Comparison of anticancer efficacy between AAL and Con A

Pancreatic cancer cell line PANC-1 was cultured in a basal medium consisting of DMEM (89% (v/v)), penicillin–streptomycin solution (1% (v/v)), and FBS (10% (v/v)). When the confluency reached approximately 80%, PANC-1 cells were trypsinized, seeded at 100,000 cells/well on 24-well cell culture plates, and incubated at 37 °C, 5% CO2, and 95% humidity for 24 h. After 24 h, the old media was discarded and changed to fresh media containing 100 μg/mL of Con A or 100 μg/mL of AAL and incubated for 12 h. To compare the caspase-3 inducing ability between AAL and Con A, we performed a Caspase-3 assay according to the manufacturer’s suggestion. In addition, to analyze the level of caspase-mediated apoptosis, a TUNEL assay was carried out according to the manufacturer’s protocol.

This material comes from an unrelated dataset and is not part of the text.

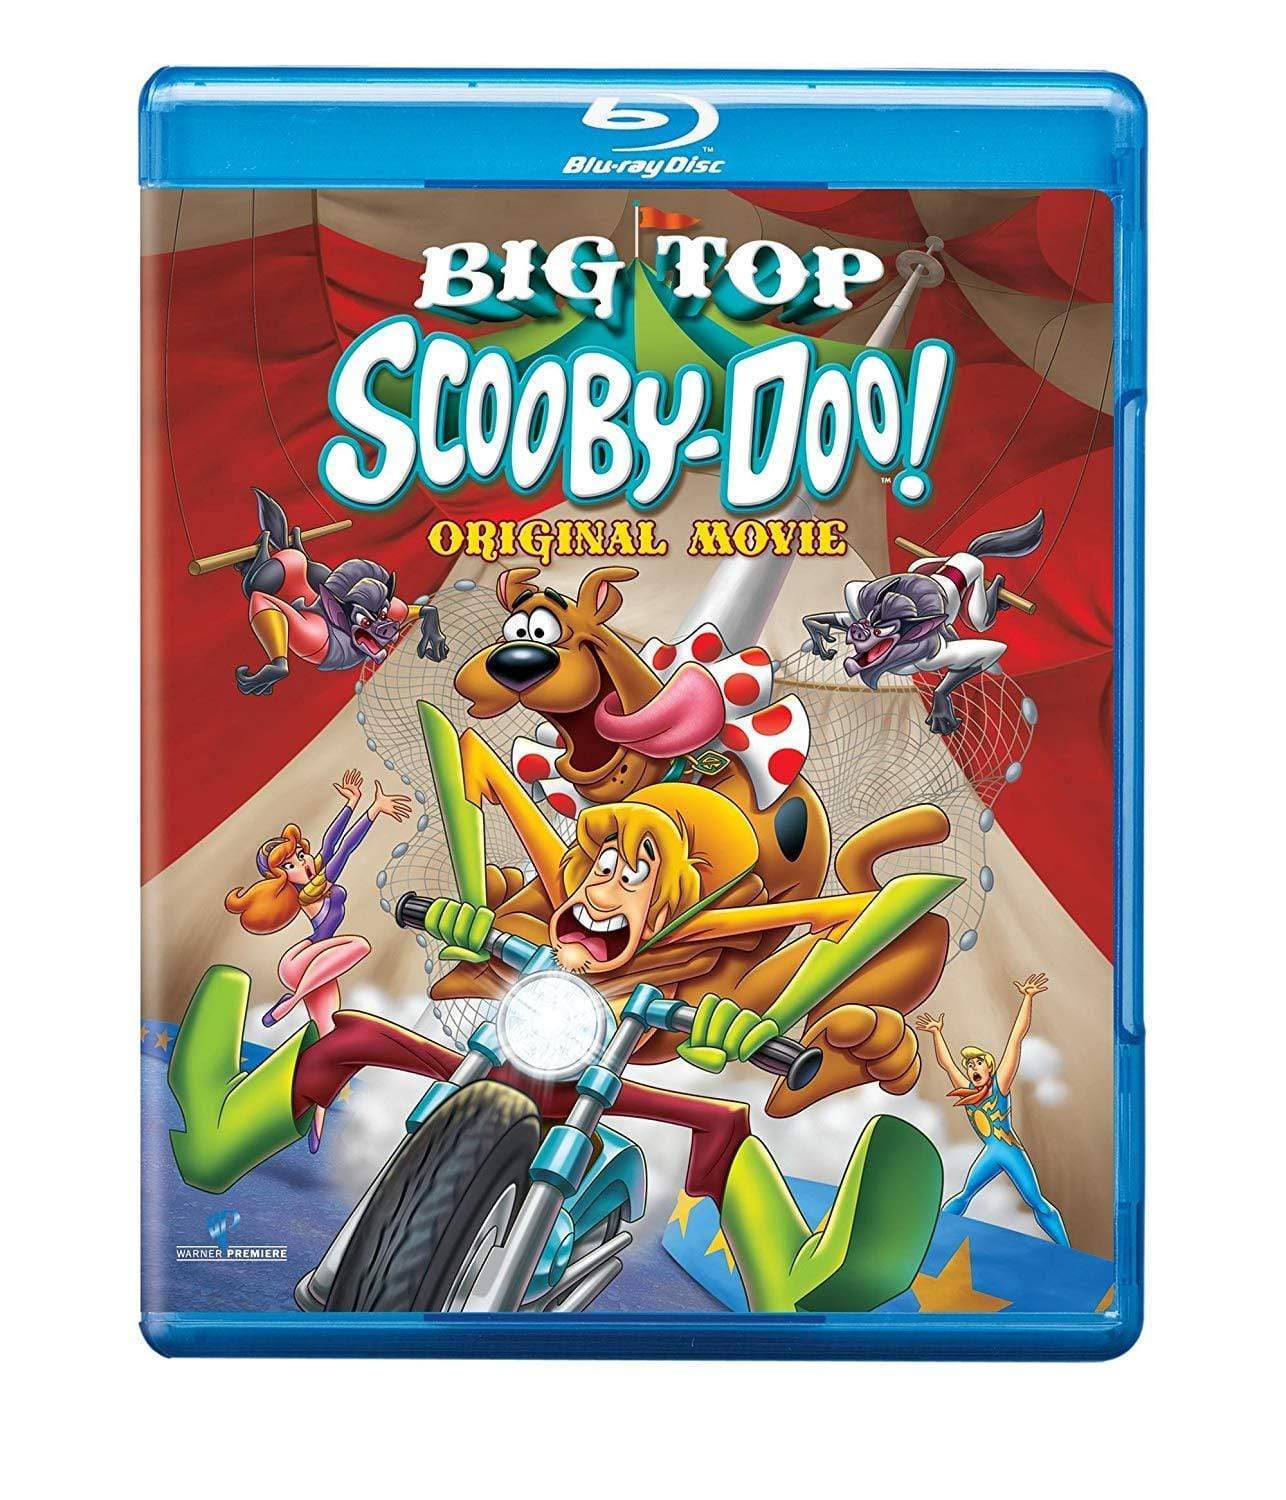 Big Top Scooby-Doo on Blu-Ray Blaze DVDs

Pancreatic cancer-specific anticancer effects of AAL

PANC-1 cells were cultured as mentioned above and normal human pancreatic ductal epithelial cells H6C7 (Korean Cell Line Bank, Seoul, Republic of Korea, passage number 7) were cultured in keratinocyte-SFM (serum-free medium) with supplements. Each cell line was seeded at 10,000 cells/well on 96-well cell culture plates, and incubated at 37 °C, 5% CO2, and 95% humidity for 24 h. After 24 h, to analyze the pancreatic cancer-specific anticancer efficacy by the concentration of AAL, the old media was replaced with a medium containing 0–100 μg/mL of AAL and incubated for 24 h. After 24 h of incubation, cell viability was determined by WST-1 assay. WST-1 reagent was prepared by mixing EZ-Cytox with basal media at a 1:10 (v/v) ratio, treated to each well, and incubated for 3 h. Subsequently, optical density was measured at 440 nm by a microplate spectrophotometry.

Synthesis of mPEG-PEAD

First, 5 mmol of Fmoc-Asp, 5 mmol of EGDE, and 5 mg of TBAB were dissolved in 2.5 mL of 1,4-dioxane, and polymerization was done at 100 °C for 48 h. Obtained intermediate polymer, poly(ethylene Fmoc-aspartate diglyceride) (FPED), was washed using diethyl ether and dried under vacuum conditions. After that, the FPED was perfectly dissolved in 5 mL of DMF. Subsequently, 1 mmol of EDC, 1 mmol of NHS, and 5 mg of DMAP were mixed in FPED solution for 1 h. The number average molecular weight (Mn) and polydispersity index (PDI) of FPED were measured by Agilent gel permeation chromatography (GPC) system with Styragel GPC column (Waters) and 0.1% LiBr in DMF as a mobile phase at a flow rate of 1 mL/min. Then, 1 mmol of mPEG (MW 350) dissolved in 2 mL of DMF was applied to the mixture, and the reaction was continued for 48 h. After 48 h, 4 mL of piperidine was added and reacted for removing Fmoc moiety. Deprotected mPEG-PED was precipitated by the addition of diethyl ether, washed by diethyl ether three times, and dried under vacuum conditions. Next, 5 mmol of Fmoc-Arg was dissolved in 10 mL of DMF with 5 mmol of EDC, 5 mmol of NHS, and 5 mg of DMAP and stirred for 30 min. Additionally, mPEG-PED was dissolved in 5 mL of DMF, and a prepared Fmoc-Arg mixture was added to mPEG-PED solution. The reaction was accomplished for 48 h. Then, 4 mL of piperidine was mixed and reacted for 30 min. mPEG-PEAD was precipitated by adding diethyl ether, washed 3 times with diethyl ether, 1 time with hexane, 1 time with diethyl ether, and dried under vacuum. Finally, mPEG-PEAD was dissolved in 50 mL of 0.1 M HCl solution, dialyzed using a dialysis tube (MWCO = 2000) against DW for 24 h, and lyophilized. Polymer structures were characterized via 1H-NMR instrument.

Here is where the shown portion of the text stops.